Morrissey and Cigarettes...

Eep. I impulsively bought a ticket for the O2 Wireless Festival on July 4th. Only to see Morrissey really. It's in less than a week. I'm extremely terrified though because it means going to London alone and possibly hanging round Euston or Birmingham for about 4 or 5 hours. That part wont be fun at all. I'm not even sure the actual festival will be all that fun. After all, who wants to go to a festival alone? I'm insane i tell thee! INSANE! Although it is Morrissey, therefore should be good, no matter how alone I am. I hope it'll be ok. I don't really want to get murdered or anything. It's Morrissey though. I would give my life for Morrissey. He is my God... Absolute fucking legend. I'm glad I bought the ticket even though it's going to possibly be one of the scariest nights of my life! It's all worth it! *needs to stop impulsively buying things!*

What's with cigarette packets? People who start smoking are generally old enough to know the risks! My current pack says something along the lines of 'smoking causes impotence', I don't give a fuck! I'm female FFS! ... 'Smokers die younger' THANK GOD! I don't want to live until I'm about 80, I'd rather die young! Living past the age of 40 definitely doesn't seem worth the effort... Unless of course your name is Steven Patrick Morrissey.... 'Smoking kills' - yeah, we've all heard that one, but It kills indirectly! It's the cancer or the emphysema that kills. Not the cigarettes... I'm not sure why all this angers me, but meep! lol.

Anyways, I'm off to smoke cancer sticks, talk to rodents and drink diet coke.

Saturday 28 June 2008

Another rather pointless blog.

Wow... It's rather dark tonight, much like any other night, but it feels darker for some reason. Not entirely sure why though. Oddness.
I had a rather bad hangover today. I had puke in my hair and it was vile! The hangover has gone now though. So hey ho!
I've been filling in the application form for sixth form. There's a part that says 'your interests in school', I'm not sure what to put there.. I was never really interested in school! I'm not really sure what to put in the 'your interests and hobbies out of school' either.. All I really do is sit around on the computer, drink diet coke, draw random things, listen to music and occasionally get rather wasted. I need to think of something to put that makes me sound good. I'm not exactly an A* student or anything. I really need them to let me back into school, otherwise I'll be completely screwed for another year. It's too late to apply to get back into college. Anyways, I think the subjects I'm going to choose are psychology, art, applied science and sociology.
Right now I'm listening to The Eighties Matchbox B-line Disaster and pondering what to do tonight. I might watch lots of FMA or something... I dunno.
I'm bored of writing this now, so hooble toodle doo!

Thursday 26 June 2008

Irritating degu antics and whatnot.

My degus officially hate me. I just spent 3 - 4 hours trying to get them back in their cage. They were chewing up everything I own. They broke the only thing I have that'll charge my ipod. Not only were they wrecking things and stuff, but they were taunting me too. They knew I wanted them back in the cage, and Morrissey decided to keep crawling onto my lap or shoulder, letting me stroke him a bit and running away. Miyavi kept wandering across my laptop too. It was really quite amusing in a very annoying, frustrating kind of way. Thank fuck they're back in there though. If they were out of the cage for much longer it would have driven me even more insane than I already am. lol.

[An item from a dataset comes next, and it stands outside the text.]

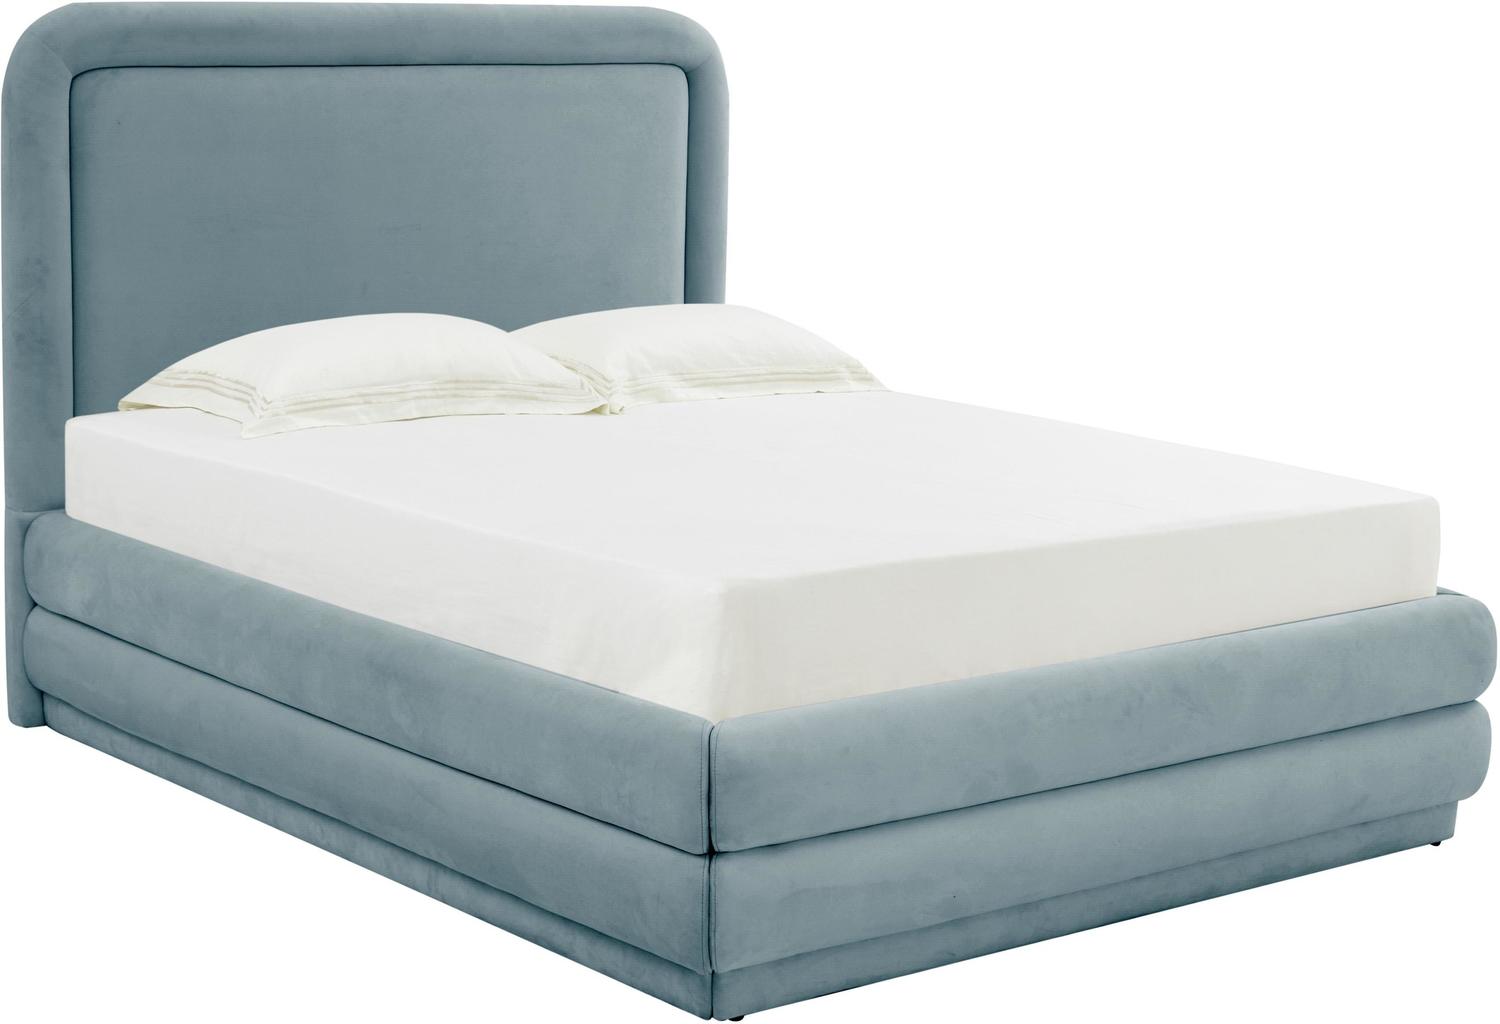 king size mattress for platform bed Tov Furniture Beds Bluestone

The hoobs is on in half an hour. I don't think I'm going to watch it though. I might, it's just I want to go for a swim in the lake at about 9am. I could get a couple of hours sleep. Alternatively, I could stay awake and guarantee I will be awake at 9... I need the exercise. I think I'll get changed into the clothes I'm going to wear at the lake now and have a short nap.. possibly downstairs so I'll get disturbed enough when people wake up. Meep.

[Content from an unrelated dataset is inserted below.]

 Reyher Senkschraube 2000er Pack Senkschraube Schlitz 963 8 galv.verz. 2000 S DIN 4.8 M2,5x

Ooohhh.. I got the grandmother to phone school. They're going to send me a sixth form application form and stuff, so I might actually have something to do in september! YAYYY!! =]

Anyways, I'm off to get ready for the lake and stuff.

Hoobletoodledoooooo!

Wednesday 25 June 2008

the bus

It feels like I'm on a bus, both literally and metaphorically (although the literal bit is only because I'm cold and listening to my ipod).

The bus is going nowhere in particular and I'm not sure where I want to get off. I know I want to get off though. The bus keeps going over random bump things in the road and it's windy so the bus keeps rocking slightly from side to side. It's a double decker. I'm sitting at the front at the top. I can see what is in front of me. I don't like what I see. I want it to stop going forward and reverse instead. I want it to reverse to last year, maybe the year before.. or maybe even reverse back to just over 17 years ago. I'm alone on the bus, although there are many other passengers.
The other passengers keep looking at me. It's almost like they're consciously tempting me to kill them all and jump out into the road. Everything on the bus is terrifying me. The sound of the engine, people moving, the smell of the sandwich the woman behind me is eating. But still, I need to act like a normal person. So I sit here, listening to Morrissey, Radiohead, Anthrax. I look around, I do a spot of people-watching - why can't I be like them? They don't seem confused, scared and anxious. They're normal. Unlike me.
Nine Inch Nails, Nirvana, The Dresden Dolls. My Ipod is still playing. Giving me the much needed barrier between myself and the rest of the bus. The bus doesn't feel real, the passengers don't feel real and I don't feel real. What is reality? I ask myself... No reply. There never is. I never know what to say. I never know what to do. I just *am*. I don't need to do or say anything on this bus anyway, apart from press the big red button when it's time to get off.
My hair is greasy, I haven't brushed my teeth and I look like a hobo. I don't care though. I don't know these people and they don't know me. Inspiral Carpets, Placebo. I'm barely noticing the music that's playing, but it's the only thing I have to focus on. The only thing to keep me grounded. Can't exactly be 'grounded' at the top of a double-decker though, can I?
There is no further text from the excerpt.